Mainegirl, how do you mean??? she is a very sweet, loving puppy and very smart!!! Her mother was an amazing girl, not at all as I expected of a Rottweiler


----------



## vcm5 (Apr 20, 2011)

She is just so precious! I can't get over her little face!


----------



## 3SweetGoldens (Feb 28, 2007)

Oh Heather...she is so adorable!! My son had a beautiful female Rottie....she was so wonderful with his children, but also very protective of them. If the kid's were playing in the yard, she wouldn't let anyone through the gate to the yard.


----------



## nolefan (Nov 6, 2009)

cute little girl!!! Love her name!


----------



## cubbysan (Mar 13, 2007)

She is adorable! It should be a lot of fun watching Gemma and Chaos grow up together.


----------



## arcane (Sep 18, 2007)

In my research I found this out, that the females are much more protective of the home/children/family...I wanted a smaller dog, the males are HUGE! and I dont need another boy on the premises!!! also in my thinking, I will be shattered when I lose Adi, she is 11.5 yrs old and is my fulltime companion, as I know another *golden* could never replace her, I felt a different breed would be ideal! Adi is very loving and protective of Gemma already. I actually welled up with tears when I looked through the viewfinder in my camera of the above photo  One day it shall be a cherished memory


----------



## solinvictus (Oct 23, 2008)

What a little doll baby.  I can't wait for her stories and to watch her grow on the forum. I love her name.


----------



## Jingers mom (Feb 10, 2012)

Gemma is a beautiful Rottie. My neice has one that's about a year old now and she's a sweetie. She's a keeper.


----------



## arcane (Sep 18, 2007)

Gemma and Chaos last evening!


----------



## vcm5 (Apr 20, 2011)

Gemma and chaos together are so adorable!!


----------



## CAROLINA MOM (May 12, 2009)

Congratulations! Gemma is beautiful, love her precious face.


----------



## Wagners Mom2 (Mar 20, 2012)

She is a beautiful pup--and so is your golden (and kitty too!). Congratulations! Can't wait to watch her grow up!


----------



## HolDaisy (Jan 10, 2012)

Gemma is SO beautiful! We have a rottie Sadie, she's 9 now. They're such affectionate dogs you'll just love her, she's like a little teddy bear  Looks like your golden has taken a shine to her too.


----------



## goldhaven (Sep 3, 2009)

She is adorable. How old is she? I love all of the photos. She has a beautiful face.


----------



## kwhit (Apr 7, 2008)

Rotties are such wonderful dogs. Loving temperaments but at the same time very protective of their family. Can't ask for a better combination. 

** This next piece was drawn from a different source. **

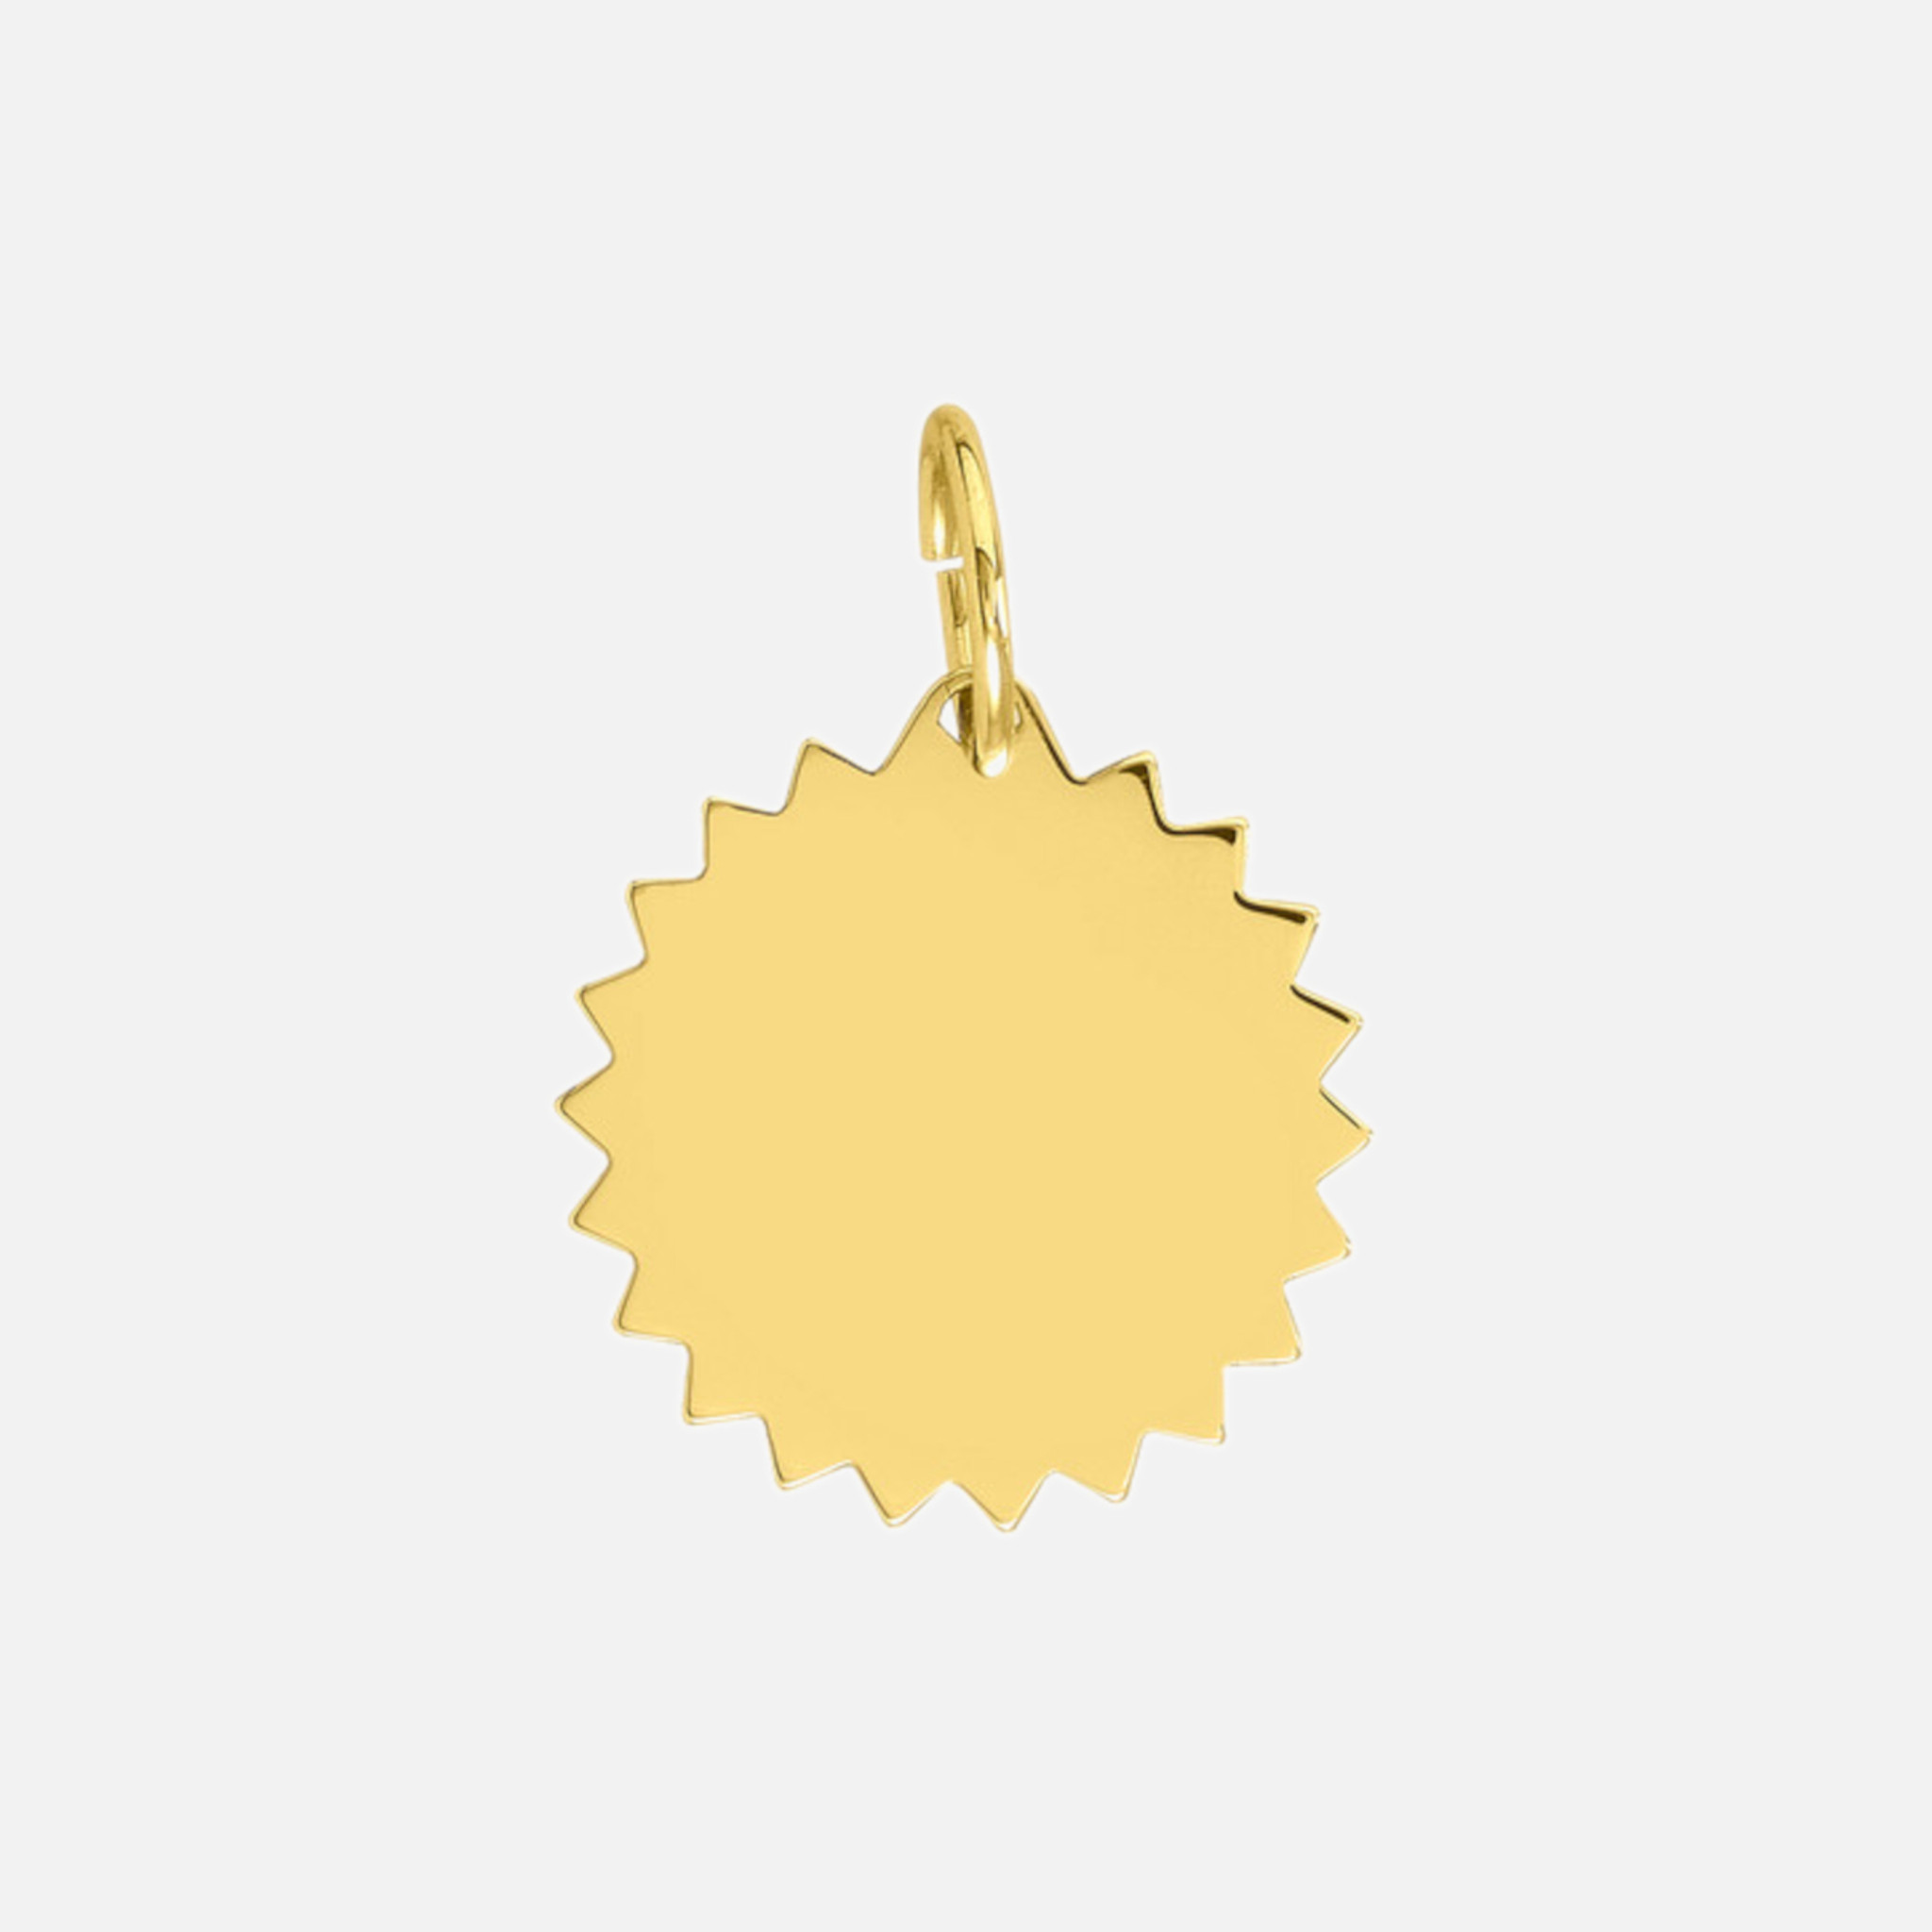 Handcrafted in 14k gold, this engravable charm features modern jagged edges that cast light everywhere you go.

That second picture in your first post is beautiful.


----------



## LifeOfRiley (Nov 2, 2007)

I think I'm in love! She's just precious...!
I love Rotties. Always wanted one, but it was just never in the cards, I guess. 
We just met a beautiful year-old girl at the doggie bakery this past weekend. She was the sweetest, silliest girl. Named Voodoo. (I could have taken her home with me... )


----------



## Laurie (Sep 20, 2009)

arcane said:


> yes that is Adi, as rotties immune systems can be weaker, she must be fully vaccinated prior to meeting all the others, she loves our maine **** kitty Chaos, they are playing already, my other 11 yr old DSH cat, just rolled her eyes, like dear god I had to accept a kitten and now that black thing!!! lol


 
Excuse the silly question but I was wondering why Adi was chosen to be Gemma's teacher. Is it because she's done it so many times and is very experienced? I recall reading somewhere that when bringing a new puppy into a home with older dogs, that the youngest dog should take on the role of teacher. I'm just thinking in my case.....Reno versus Lincoln. I would have to definitely go with Reno as Lincoln hasn't grown up yet!!! Reno was a wonderful teacher to both Austin and Lincoln.....he trained them well.


----------



## mainegirl (May 2, 2005)

I didn't know if rotties are as much of a Velcro dog as my 4 goldens have been. Also do rotties like water as much as goldens, or retrieving?
Beth, moose and angel


----------



## LibertyME (Jan 6, 2007)

So very happy for you Heather! Gemma looks like a sweetheart...and the Adi/Gemma picture is soooo very precious.
Big SOA fans in our house too ...perfect name for your girl!


----------



## MarsNPluto (Jan 10, 2012)

Beautiful! And congratulations!! I've thought about getting a Rottie, but in the wayyyyy future. They really are great dogs. You're going to have so much fun 



mainegirl said:


> I didn't know if rotties are as much of a Velcro dog as my 4 goldens have been. Also do rotties like water as much as goldens, or retrieving?
> Beth, moose and angel


Actually, yup  They're very devoted to their families so I imagine they can be very velcro-like. They're pretty laidback but also can exercise for hours, and those activities do include retrieving, running, swimming  They pretty much are Golden, except much more protective and I think have a keener sense of people with bad intentions towards the pack. I've met a few awesome ones in the past. I've also met some scary ones because owners just tie them up in the backyard all day


----------



## arcane (Sep 18, 2007)

Laurie said:


> Excuse the silly question but I was wondering why Adi was chosen to be Gemma's teacher. Is it because she's done it so many times and is very experienced? I recall reading somewhere that when bringing a new puppy into a home with older dogs, that the youngest dog should take on the role of teacher. I'm just thinking in my case.....Reno versus Lincoln. I would have to definitely go with Reno as Lincoln hasn't grown up yet!!! Reno was a wonderful teacher to both Austin and Lincoln.....he trained them well.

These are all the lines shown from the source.